Enfin, notons que les députés ont adopté un dispositif qui pourrait continuer à faire débat, comme cela a déjà été le cas en commission. Il s’agit de l’instauration, de façon institutionnalisée, d’un « conseil cadial »  composé de 17 cadis désignés par chaque commune. Les cadis, pour mémoire, sont des juges de paix dans la religion musulmane, chargés notamment de trancher les conflits civils.

L’amendement adopté par la commission, sur proposition de la députée mahoraise Estelle Youssouffa, dispose que la future « assemblée de Mayotte », qui sera à la fois conseil départemental et régional, sera « assistée »  d’un conseil cadial, et notamment que « tout projet ou proposition de délibération de l’assemblée de Mayotte emportant des conséquences sur les traditions mahoraises ou relatif à la médiation sociale est soumis à l’avis préalable du conseil cadial ». 
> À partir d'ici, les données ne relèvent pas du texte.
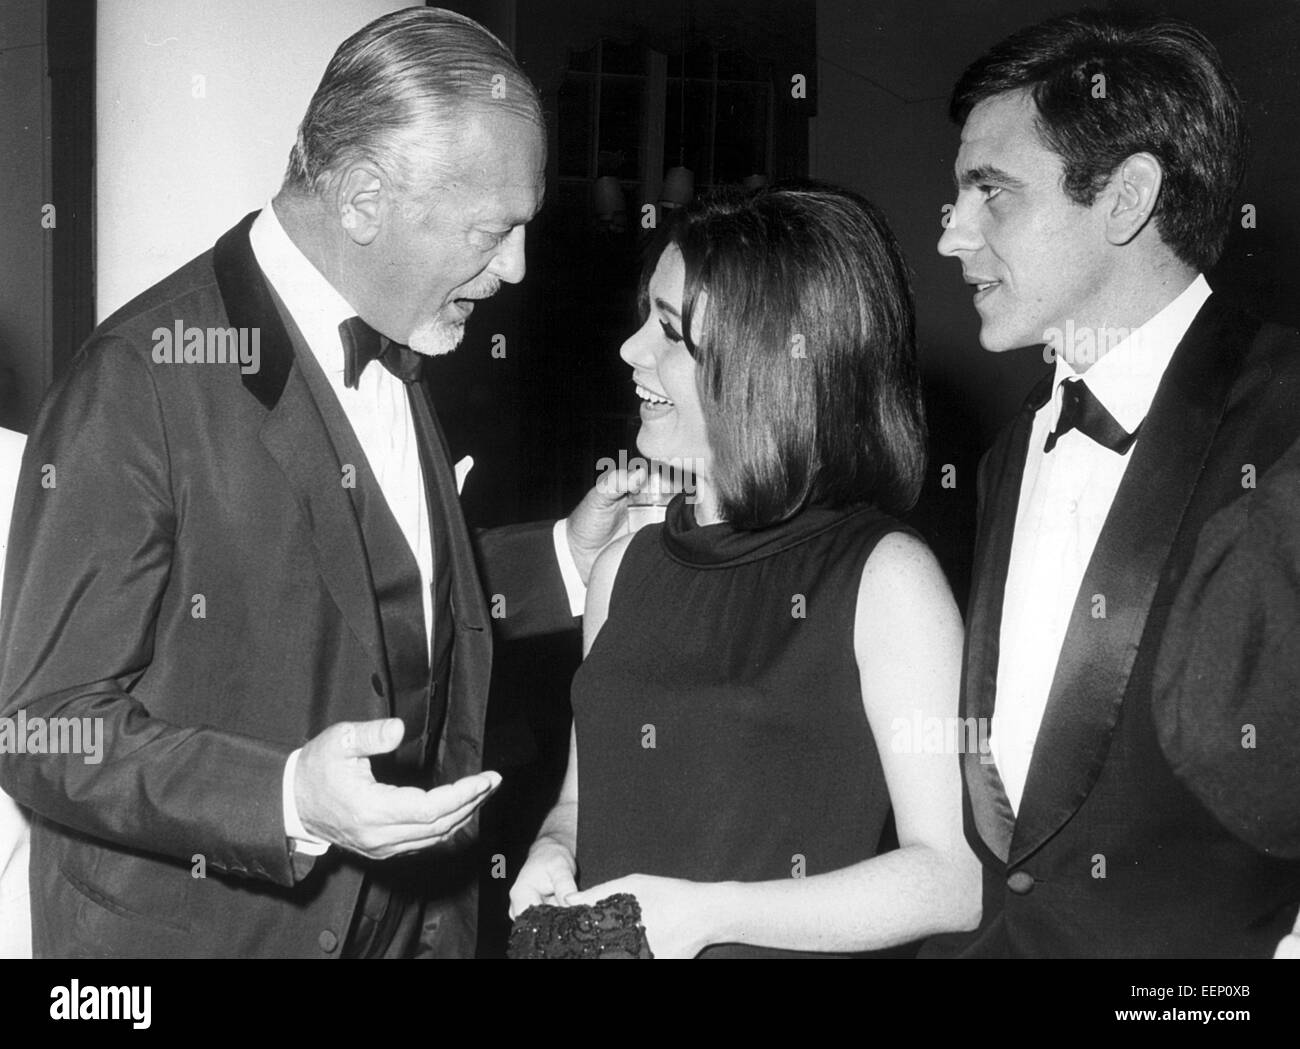 L'acteur Curd Juergens (l) parle d'acteurs argentins Maria-Cristina Laurenz (M) et Hector Pelligrini (r) au cours de la Berlinale le 30 juin en 1965. Banque D'Images

Même s’il est précisé dans le texte que les membres de ce conseil ne seront pas rémunérés par l’État ou la collectivité, l’institutionnalisation de ce conseil pose forcément des questions sur le terrain de la laïcité et de la séparation de l’Église et de l’État. Ces questions ont été posées par un certain nombre de députés de gauche, en commission. Estelle Youssouffa a répondu que les autorités musulmanes de l’île n’ont « jamais remis en question la laïcité »  et que les cadis « ont toujours été au côté de la République pour permettre à Mayotte d’avancer » , soulignant notamment le rôle qu’ils ont joué lors des campagnes de vaccination. Philippe Gosselin (LR) a également affirmé que « le rôle des cadis n’est plus religieux » , ajoutant « en tout cas pas de façon officielle ». Ce débat reviendra certainement en séance publique, à partir de ce soir. 

L’examen de ce texte doit durer jusqu’au 1er juillet. Quelque 680 amendements ont été déposés.